Irregularity of $a^ib^jc^k∣\text{ if }i=1\text{ then }j=k$ using pumping lemma

Question

This question has been asked here several times. However none of the examples I saw actually tried to prove it's irregularity using the standard pumping lemma.

I know how to prove irregularity using the specific case of $a^1b^pc^p$ however I'm struggling to build the pumping lemma for the whole language $a^ib^jc^k$ I know this won't prove the language to be regular, but I'm more interested in how to deal with lemmas with multiple variables on the exponents.
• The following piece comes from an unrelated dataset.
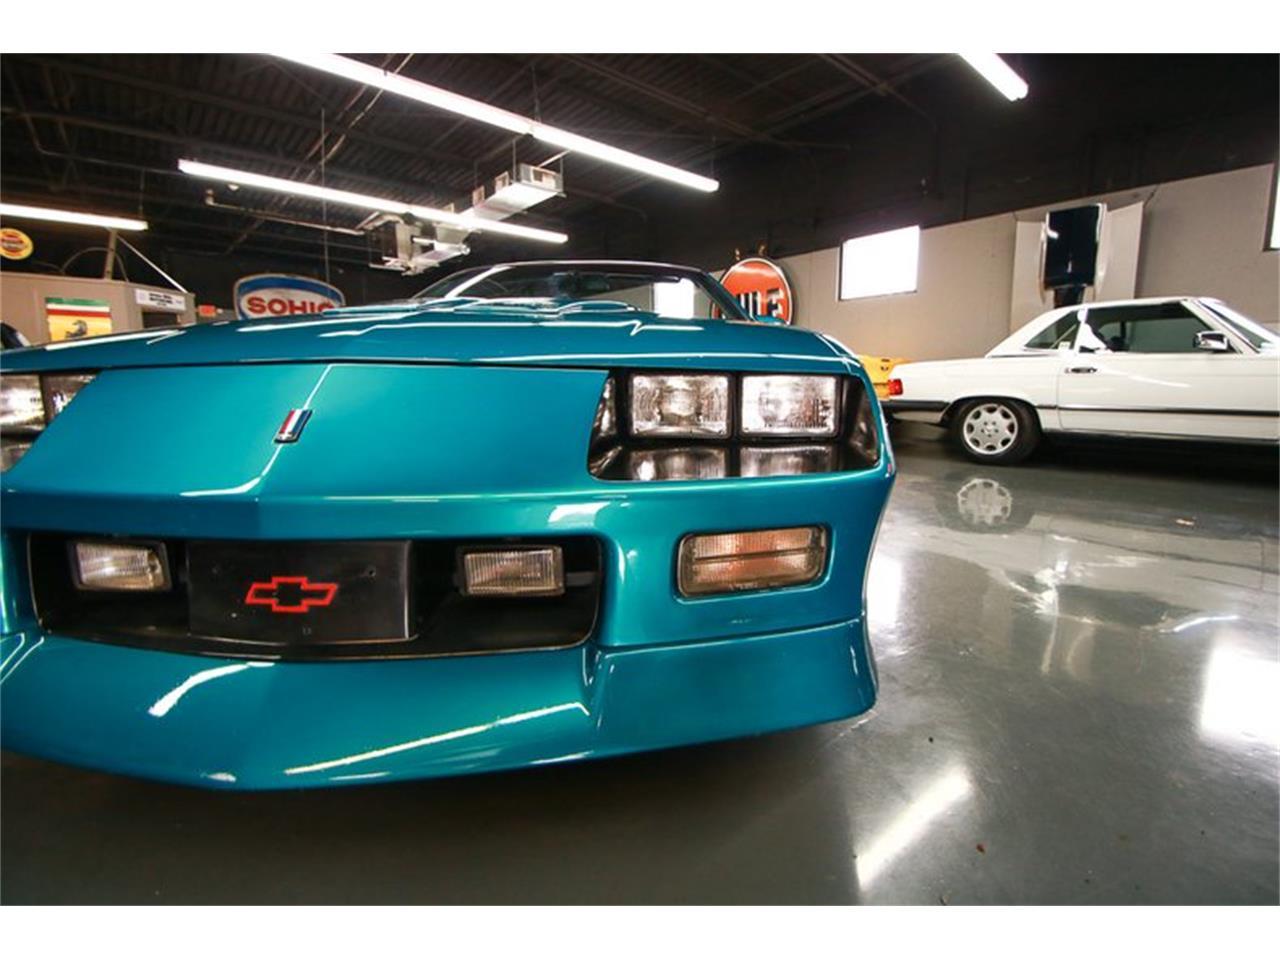 Large Picture of 1992 Chevrolet Camaro located in Ohio - $12,900.00 - QLU7

Let's suppose I've divided the string into the following:

$ x = \epsilon$
$ y = b^\beta$
$ z = b^{p-\beta}c^m$

Let $n = 2$. I get
$xy^2z= b^{p-\beta}c^n$

But this doesn't seem like I can find a pumping length for this language as it has too many variables. Is there a way to make this pumping lemma work? (I know it can't be used to prove the language regular, but I'm trying to find at least one pumping length which works for this language)

Answer 1

If I understand correctly, you want to explicitly show that language $\{a^i b^j c^k | i, j, k \in \mathbb{N}\}$ satisfies pumping lemma (it should be true, as this language is clearly regular).

Notation of pumping lemma: there exist pumping length $p$ s.t. any word $w$ with $|w| \geq p$ can be written as $w = xyz$ where $|y| > 0$, $|xy| \leq p$ and for all $n$, $x y^n z$ is in our language.

For our language, we can take $p = 1$, and represent word $w$ as $\epsilon . y . z$ ($.$ denotes concatenation), where $|y| = 1$.

As $w$ is in our language, $w = a^i b^j c^k$, as $|w| > 0$, at least one of $i, j, k$ is non-zero.

If $i > 0$, they $y = a$ and we have $a^{i - 1 + n} b^j c^k$ is in our language - it's true by definition.

Cases $i = 0, j > 0$ and $i = j = 0, k > 0$ are similar.

Answer 2

The pumping lemma states that if $L$ is regular, there is a constant $N$ so that for all $\sigma \in L$ with $\lvert \sigma \rvert \ge N$ there is a division $\sigma = \alpha \beta \gamma$ with $\lvert \alpha \beta \rvert \le N$ and $\beta \ne \varepsilon$ for all $k$ it is $\alpha \beta^k \gamma \in L$.

Sadly, in this case if you pick e.g. $\sigma = a b^N c^N$, you can always pick $\alpha = \varepsilon$, $\beta = a$ and $\gamma = b^N c^N$, and everything works out beautifully. No contradiction to be had.

If you check out the proof of the pumping lemma, it is clear that you can prove variants that for example state $\lvert \beta \gamma \rvert \le N$, and $\beta$ can be pumped. Use that one to get a contradiction.

(Nice question, by the way.)